At one time, she was our most promising young female recurve archer.

Anyone know whether we'll see her shooting again?


----------



## Bob Furman (May 16, 2012)

What ever happened to Marty Sliwinski? Back in the day an outstanding and unbeatable young archer and friend.


----------



## fader (May 17, 2010)

Limbwalker, as a Texas archer maybe you have some info on this one. Ezra Wheeler. Was perhaps the top non-RA archer in California before he moved back to Texas about a year ago. Hasn't been heard from since.


----------



## lksseven (Mar 21, 2010)

I think Ezra (nice guy!) is an architect in Texas now, in the Austin area. Almost 2 years ago, he was working on a big project in the Austin area. Perhaps he's been too busy with work to shoot enough to compete. 

Saw him visiting with friends at the Olympic Trials Stage 1 in College Station in Sept 2011, too (but not shooting).


----------



## limbwalker (Sep 26, 2003)

Yes, Ezra was on fire alright. Easily one of the top "non-RA" shooters. Heck, he was just one of our top shooters period. It wouldn't have surprised me at all to see him go deep into the trials earlier this year had he been able to shoot.
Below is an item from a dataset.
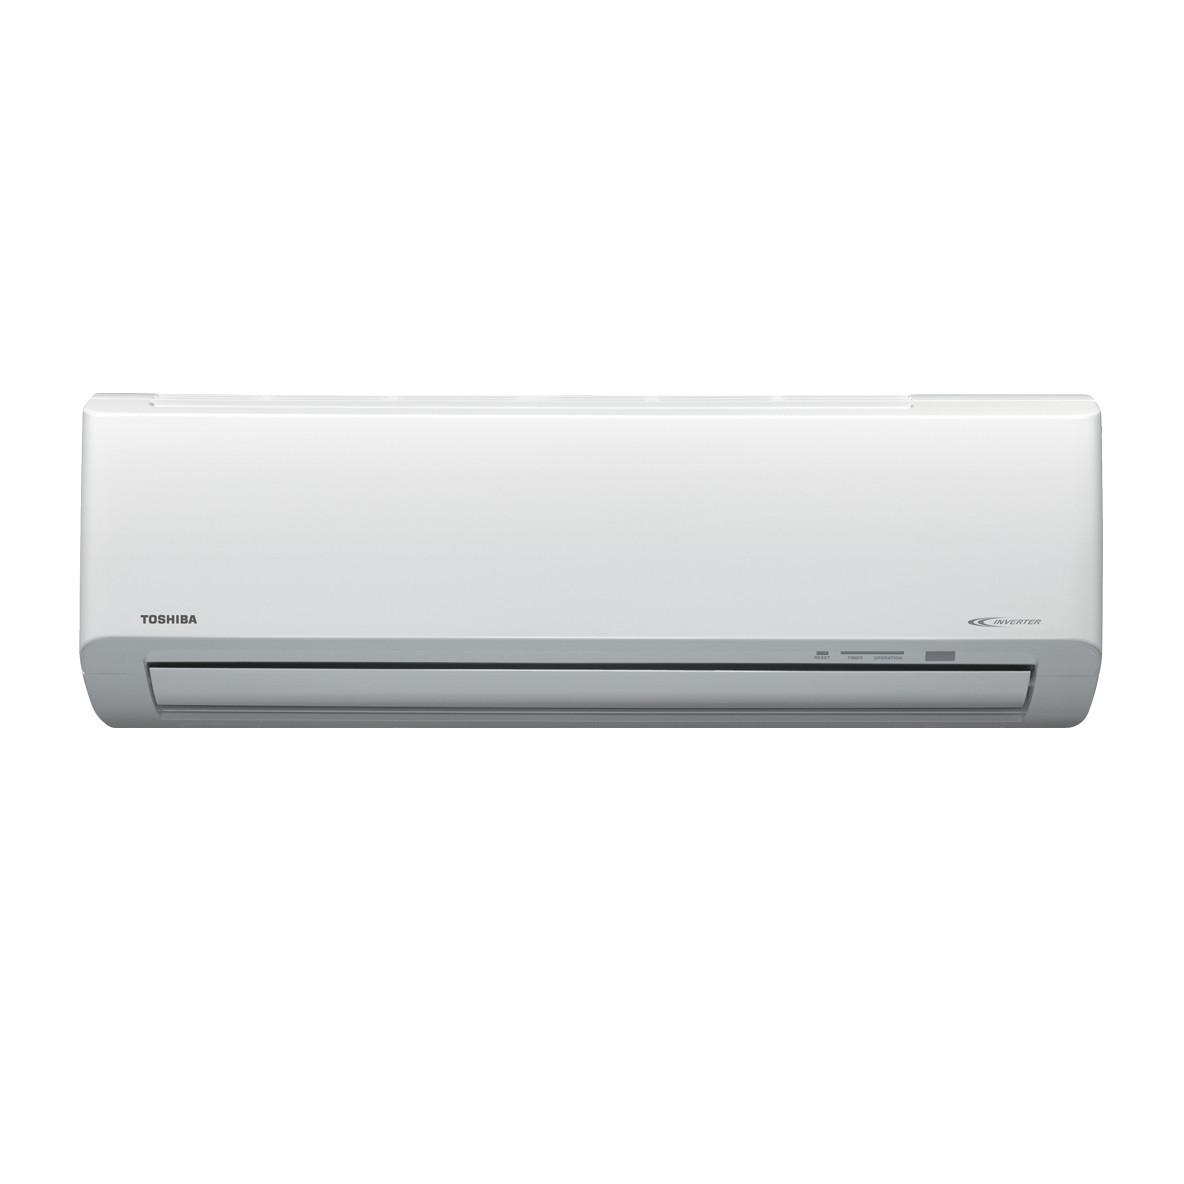 Máy lạnh Toshiba Inverter 1.0 HP RAS-H10H2KCVG-V Model 2020 -Hàng chính hãng (chỉ giao HCM)

But alas, he suffered the same injury that I had back in 2007 - severe tendonitis in his drawing arm - and had to put the bow down. Darn shame for a darn nice guy. I expect he will be back though. He and I talked a bit at the state indoor early this year. I hope to see him shooting a new SKY bow soon 

John


----------



## calbowdude (Feb 13, 2005)

How about Kate Anderson and Karen Scavotto? Kate was national collegiate champ IIRC, and Karen has put up big numbers before. 

Didn't Ezra also have another injury, or is it only the elbow tendinitis? Regardless he's a good shooter and a very coolas guy. 

As far as Margo, I knew she was shooting for Columbia University, but I believe she's been graduated for 2-3 years easy now.


----------



## dchan (Jun 29, 2004)

Going back/way back,,

We still hear about Darrell Pace, Rick McKinney, Butch Johnson, Terry Ragsdale,, Anyone know what ever happened to Jay Barrs.

The other one I've always wondered about is Eric Hall, I heard he opened a shop in AZ somewhere but that's about the last I heard of him..


----------



## limbwalker (Sep 26, 2003)

I ran into Eric Hall at the ATA show in Indy back in '05. I believe he was importing archery equip. with the "AIM" brand. I'm sure Teresa I. would know what he's up to nowdays.

Jay shot in the 2004 NFAA Indoor Nationals, and at the 2004 Oly. trials. Not sure how serious he was about it, but I'll never forget that 2004 Indoor Nationals because it was my first national event, and there I was staring face-to-face with a former Olympic Gold Medalist on the Saturday line. It was one of those "are you kidding me?" moments. But he's a cool guy and easy to shoot with. I had the honor of shooting a match against Jay in the 2004 Gold Cup tournament that went down to a one arrow shoot-off (which I was fortunate to win by a tiny margin). Jay was very gracious, congratulated me, and packed up his gear. The '04 trials was the last time I saw him, but then I don't go to many events either. I'm sure he's still "pushing drugs" as he liked to say (pharmaceutical rep.) and playing golf. 

Not sure what Kate is up to these days, but Olympian (let's not forget that) K. Scavotto was on the Grand Prix team that I traveled with to Turkey in 2007 and at the time was training very seriously at the OTC along with Lindsay Pian. Not sure if she still shoots though. 

John


----------



## cc46 (Jan 22, 2005)

Hey on the Jay Barrs question, I saw a video interview of him talking about coaching Jay Lyon out of Winnipeg this past spring. Jay Lyon I think is #2 in Canada after Crispin. But Jay Barrs and Jay Lyon live close across the N Dakota Manitoba border so they hooked up for coaching/training, they are both lefties. 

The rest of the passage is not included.